Andrea Kuszewski delivers a data smackdown on the recent “thinking-cap” paper, which claimed to produce insight with electrical stimulation. Do not miss the second half. Also on that study: thinking caps are pseudoscience masquerading as neuroscience, say a trio of scientists in the Guardian. And here’s my original take on that study
Evolution (well, mutation) in 500 lines. Wonderful.
How do you sedate a bear? Dangle a very brave man head-first into its den with syringe of tranquilizer on a pole. And you get a cool video of a snoring bear and some great data on hibernation.
Around the world in 800 days – be sure to catch up on Gaia Vince’s amazing trek across 36 countries and 5 continents, looking at the human impacts of climate change and biodiversity loss.
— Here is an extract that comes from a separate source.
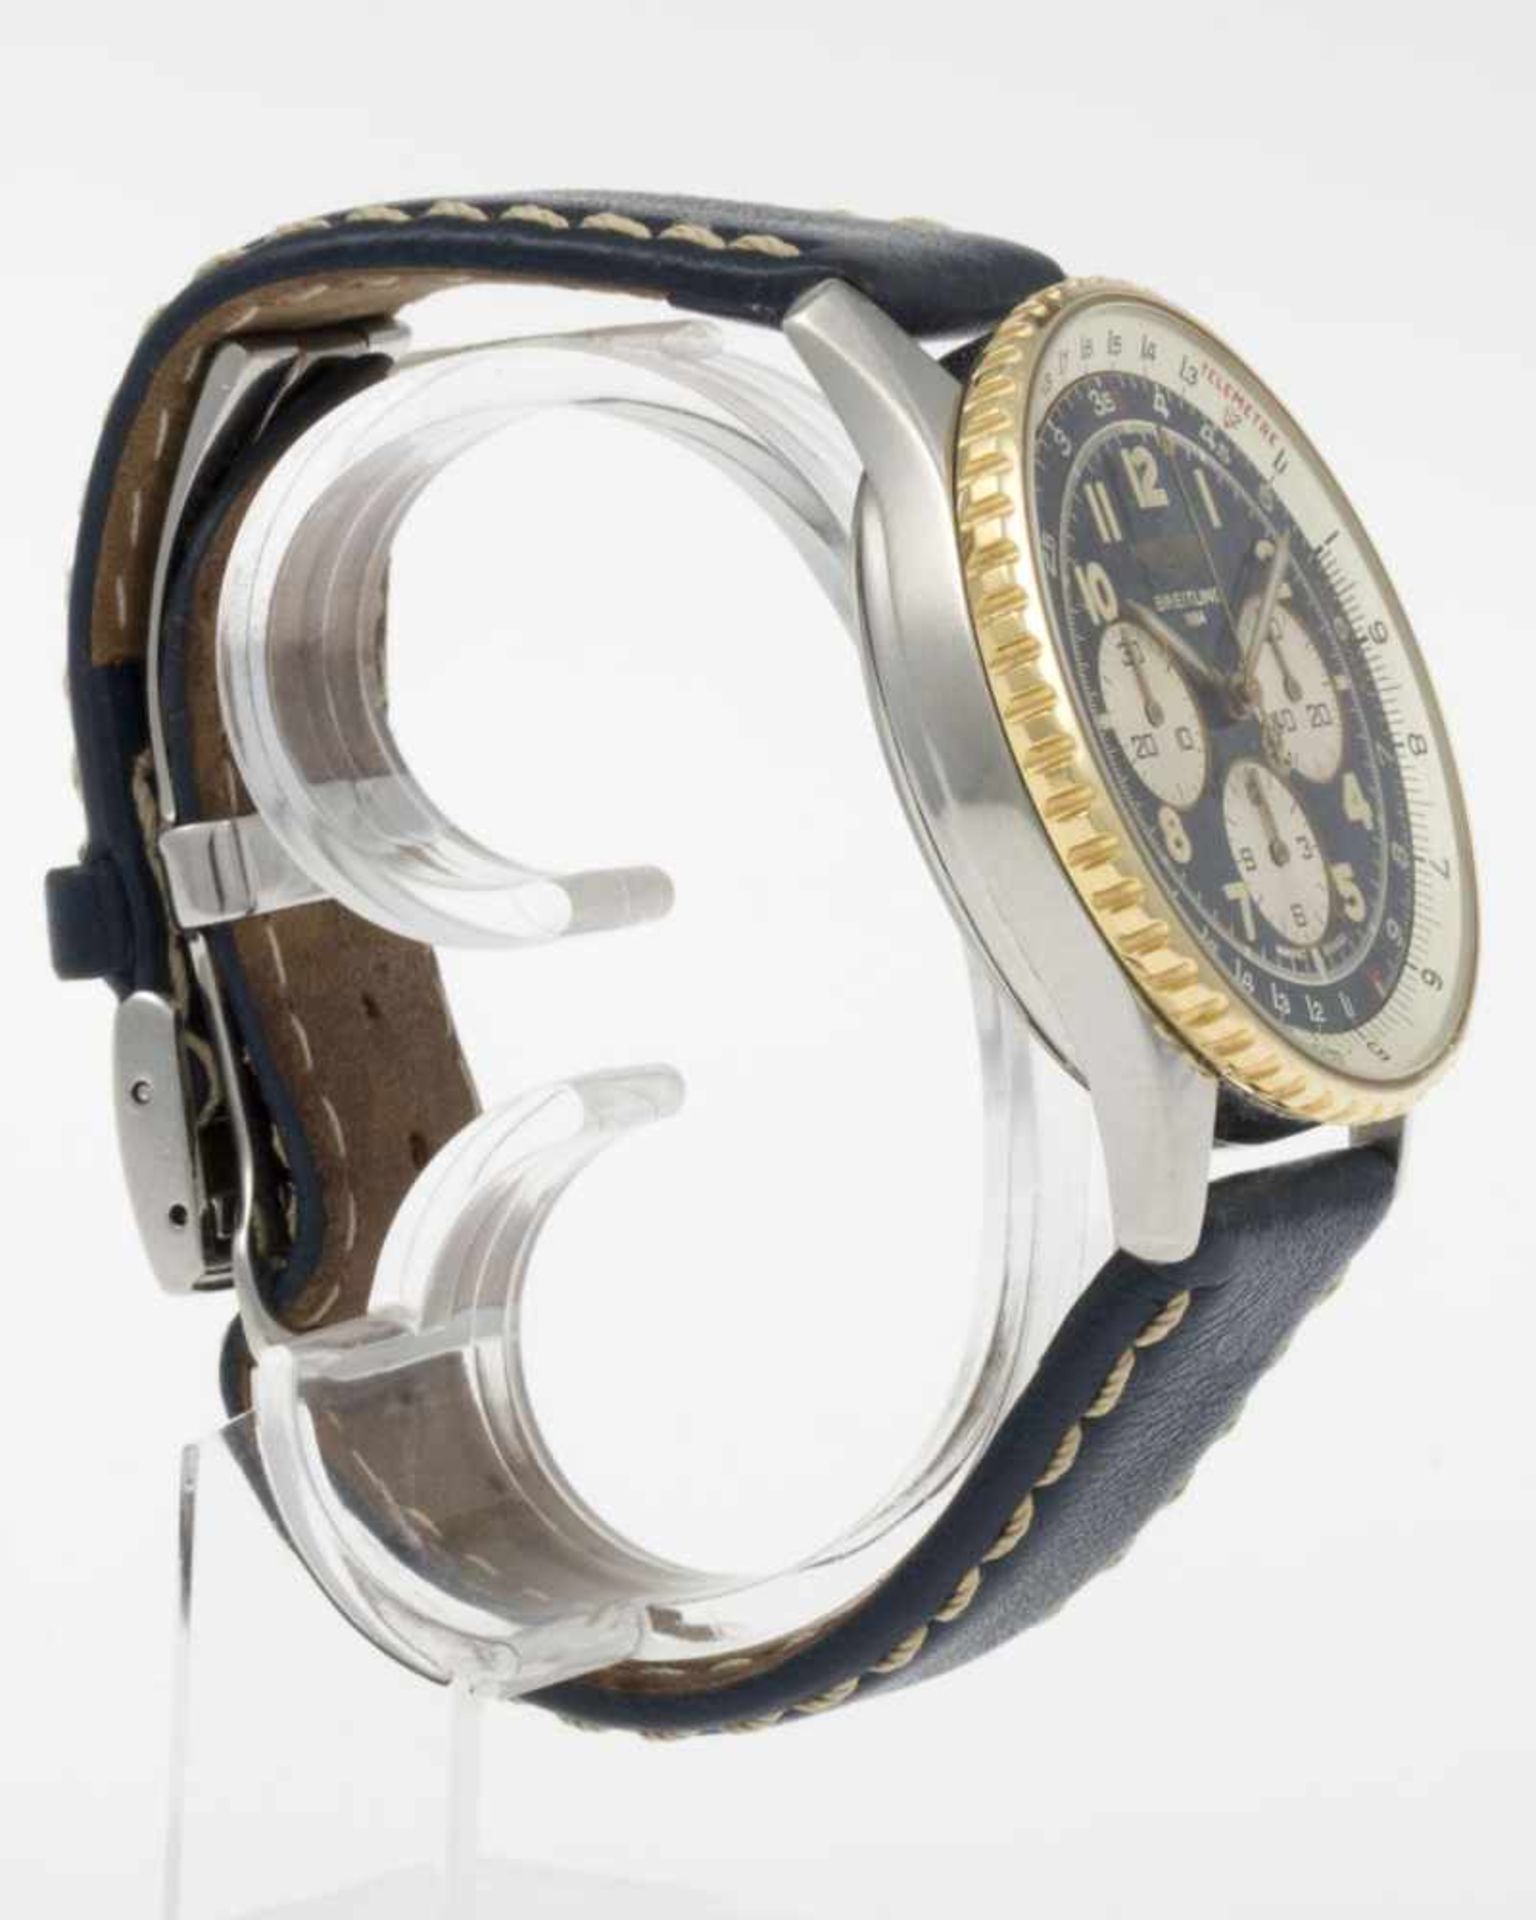 Breitling-Armbanduhr Chronograph Navitimer 92Gehäuse aus Stahl. Beidseitig drehbare Lünette aus - Bild 3 aus 5

A great guest post by Ivan Oransky on Gary Schwitzer’s blog: why negative studies are good for health journalism & where to find them
Ooh, fascinating. Flies sniff out the difference between hydrogen and deuterium using quantum smelling. Notable because the author addresses criticisms in the comments. More coverage from New Scientist.
Rats. Wearing pants. For SCIENCE!
How wastewater stations could help to weed out illegal drug use in London’s 2012 Olympics, by Brian Mossop.
Phantom pregnancies. In men. Wonderful stuff from Emily Anthes.